The angry cry of many a young human being on their journey through life.  Who asked me if I wanted to be on this journey?  No one is the answer.   I had - have - no choice in being amongst you.   You decided to create me - you decided you needed me - you made all the choices where I had/have none. 

There is a strong movement for "pro-life" as well as the opposing "my body my choice".  All focus on the right to life.  Which, for me, misses the point entirely.  It is the right to create life and abort the created life over which we should focus the debate - the "created life" has/had no say in his/her creation or abortion. 

Should I have the right to create life or not? 

An odd question when I was originally created without any rights at all.  Had no choice in my creation.  Only given "rights" after my creation.  Which is a bit like closing the stable door after the horse has bolted.  Perhaps it's because of that other that age-old train of thought: "That's how I had to do it!" With the unspoken "So you must as well - now it's my turn."
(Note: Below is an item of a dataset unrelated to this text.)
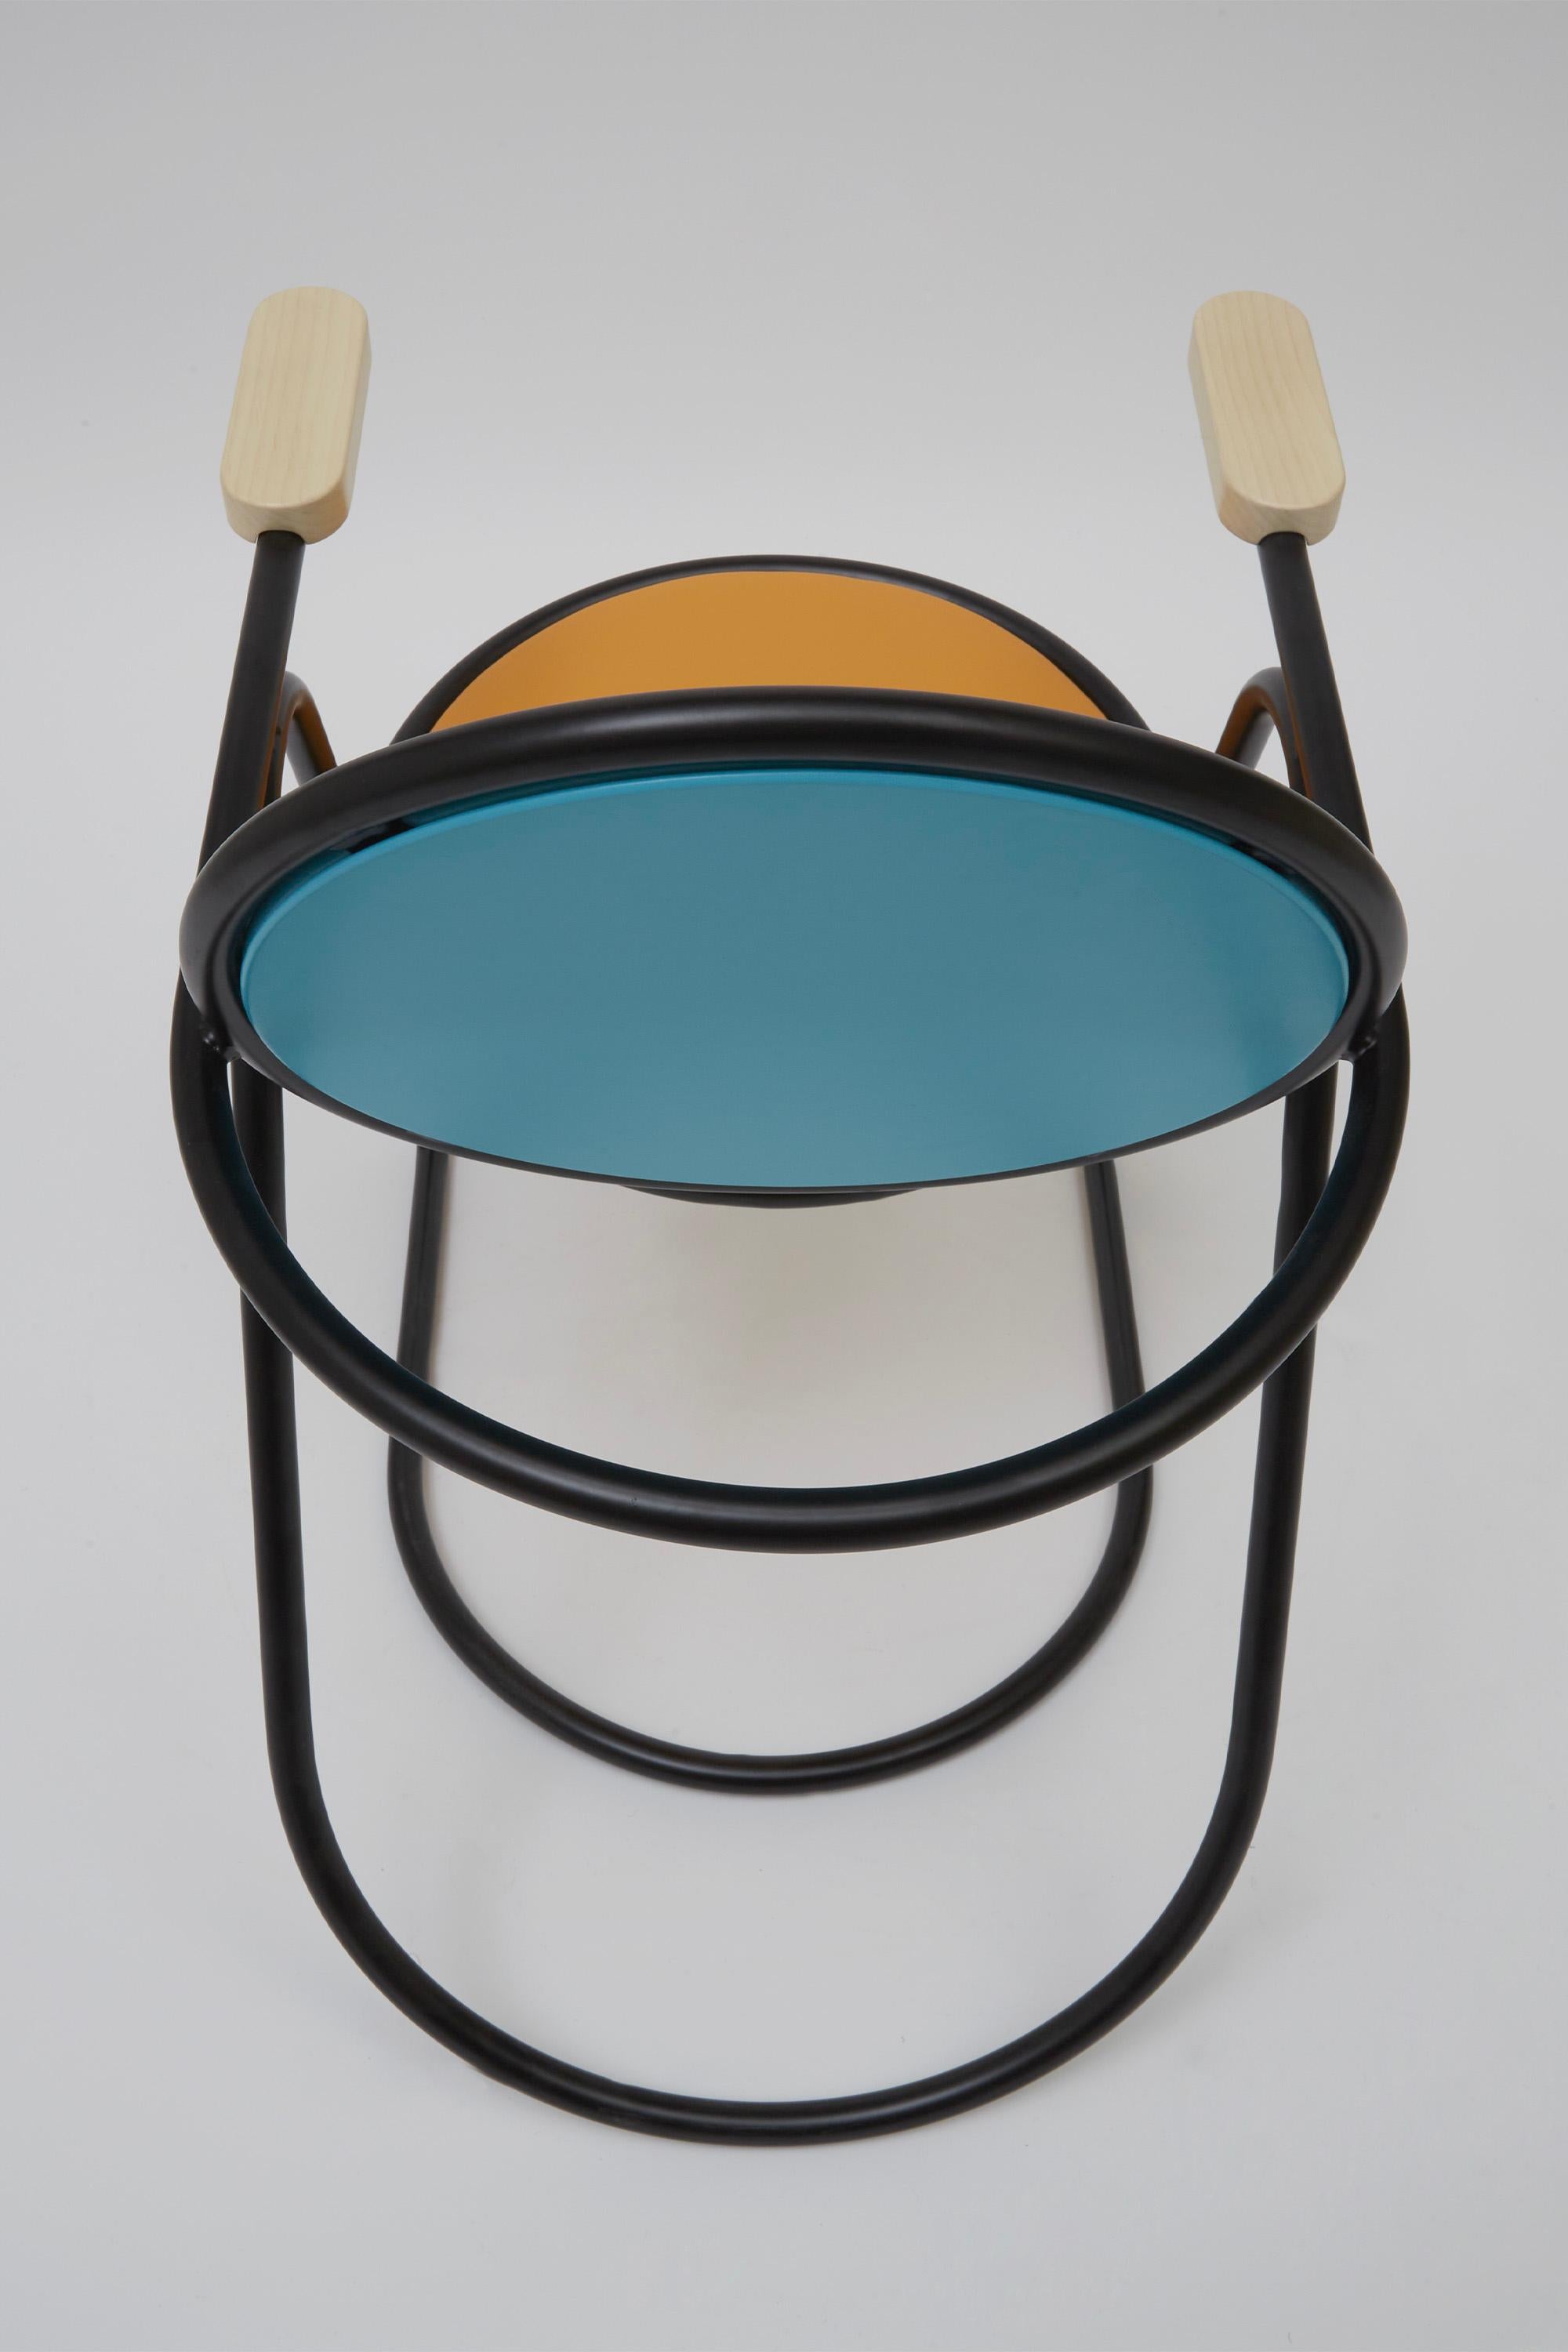 U-Disk Easy Chair, Black, Orange & Light Blue For Sale 3

The reason for all of this division - for me - is becoming ever simpler.

We base our lives on the premise that we have rights.  That others are obligated to us.  Which means we are obligated to others.  Which means we are all obligated to each other.  Which is a lot of hard work without any real reward because so many of "them" refuse their obligation.  So there's no point me doing it either. And I happen to agree with them.
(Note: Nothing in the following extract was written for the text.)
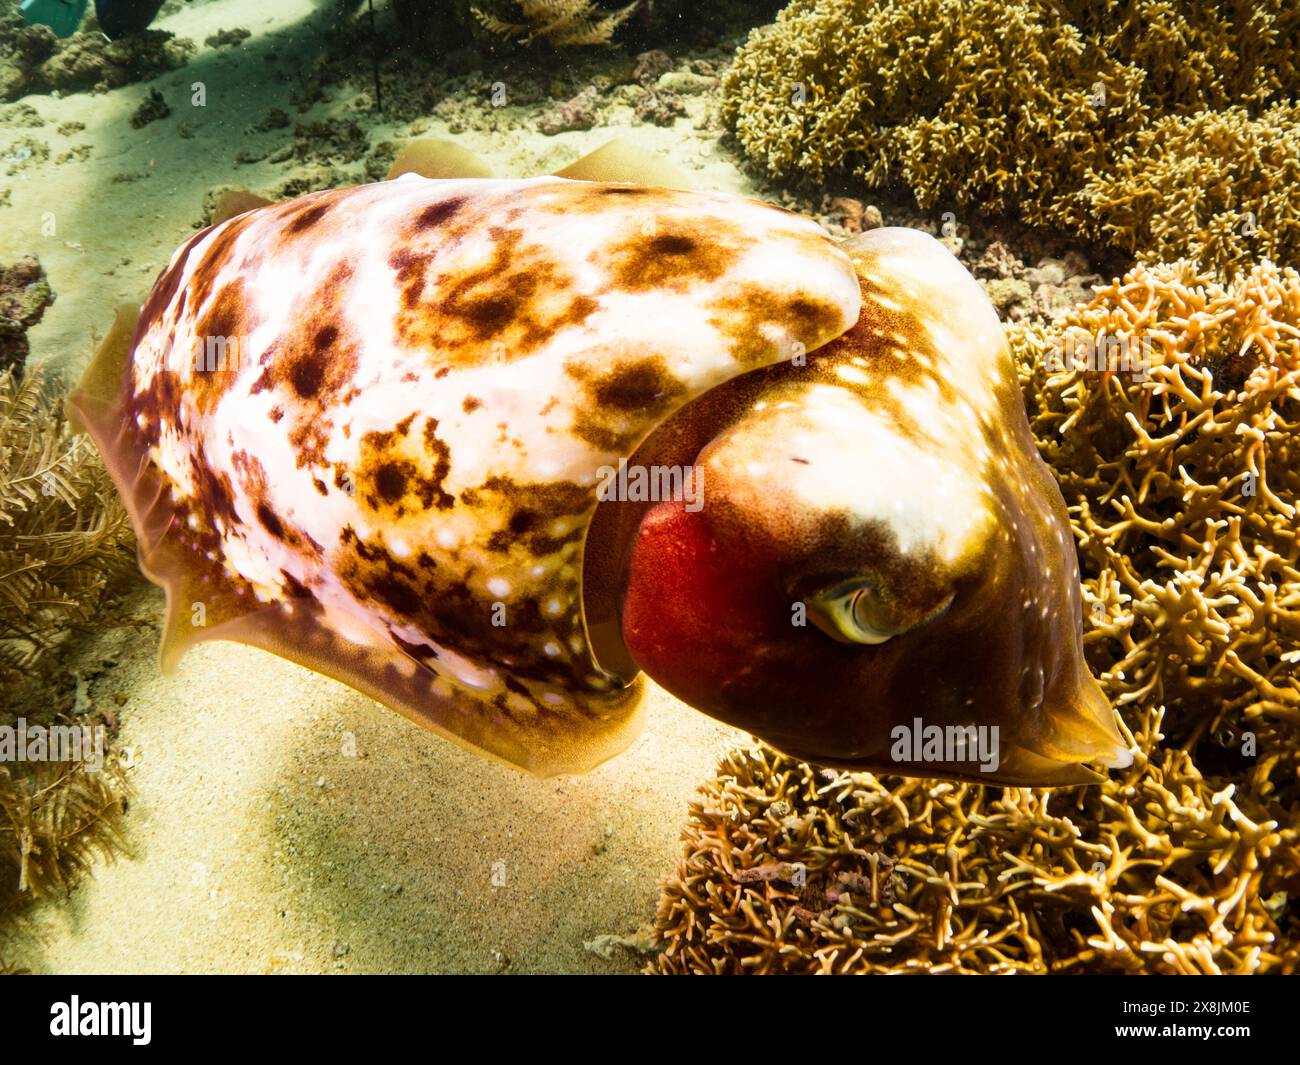 Tintenfisch, Sepia latimanus, in den flachen Korallen von Banda Neira, Indonesien Stockfoto

It is an entitlement at the root of so much that is wrong.  So much that we perceive as unfair.  So much that drives us to fight with each other, differentiate ourselves from each other - and expect of each other.

The church does it.  That ongoing debate of about "legalism".  Poo-poohed by the enlightened.  Defended by the traditional.  The belief that the bible is a manual – a how-to – a should do (and will deliver on its promise if we keep our side of the transaction enough).  The other side says that is wrong – biblically wrong! – that all "that stuff" was ripped up when Jesus came and died on the cross for our sins.  Except – just like my unasked-for-creation – so too my unasked-for-sin that I was taught I was born into and of without any choice on my part.  A belief in sin that I have come to view as uninvited as my own creation.  
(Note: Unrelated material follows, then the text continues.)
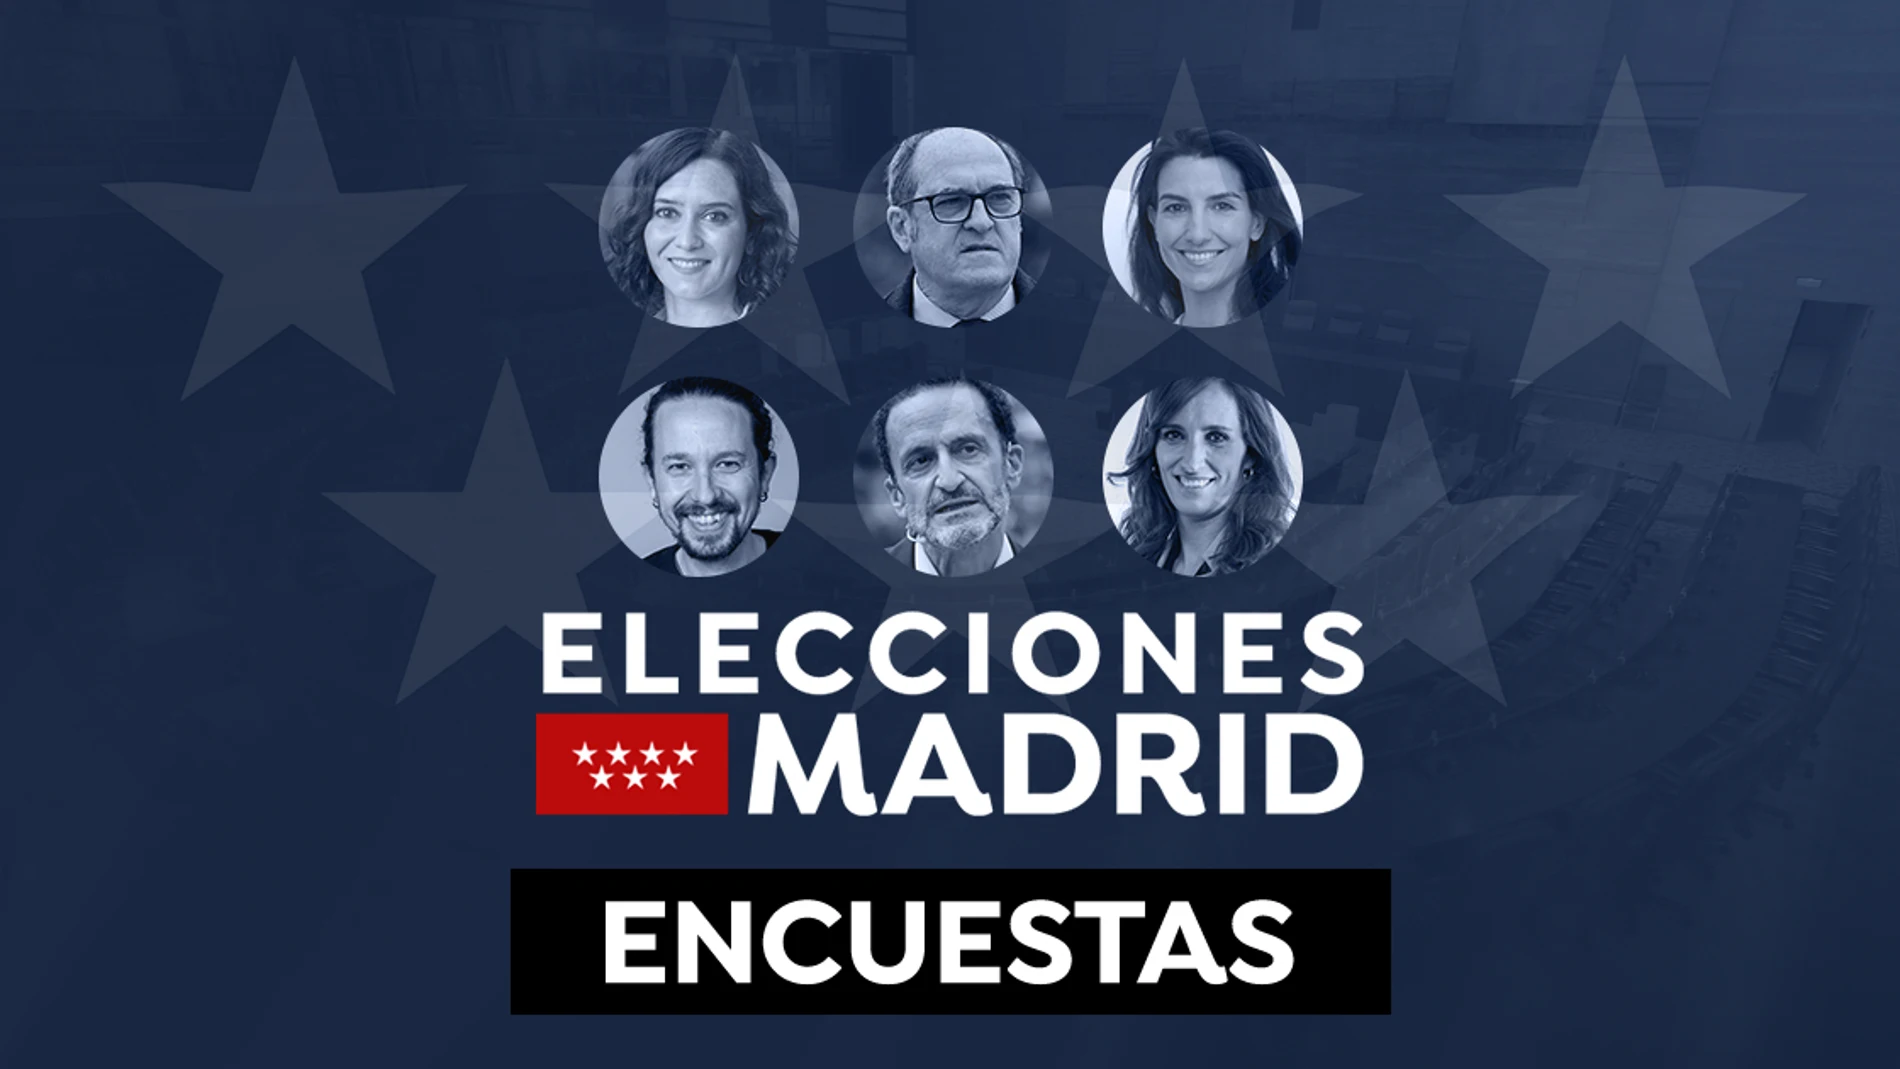 Este será el resultado de las elecciones de Madrid según las últimas encuestas y sondeos

The secular world does it.  The ongoing debate about "human rights".  The laws and lawyers and courts set-up to examine and decide on individual cases brought before it.  To affirm whose human right has have been infringed – and who is going to pay.  A legal chess-game more suited to feed the system than it's ever to defend the oppressed.  Because when it comes to "human rights" – as with most things legal-oriented – it boils down to who has the most money.  And that equation is about entitlement and unfairness – precedes even the concept of "human rights".  All of which means human rights are about mine rather than yours.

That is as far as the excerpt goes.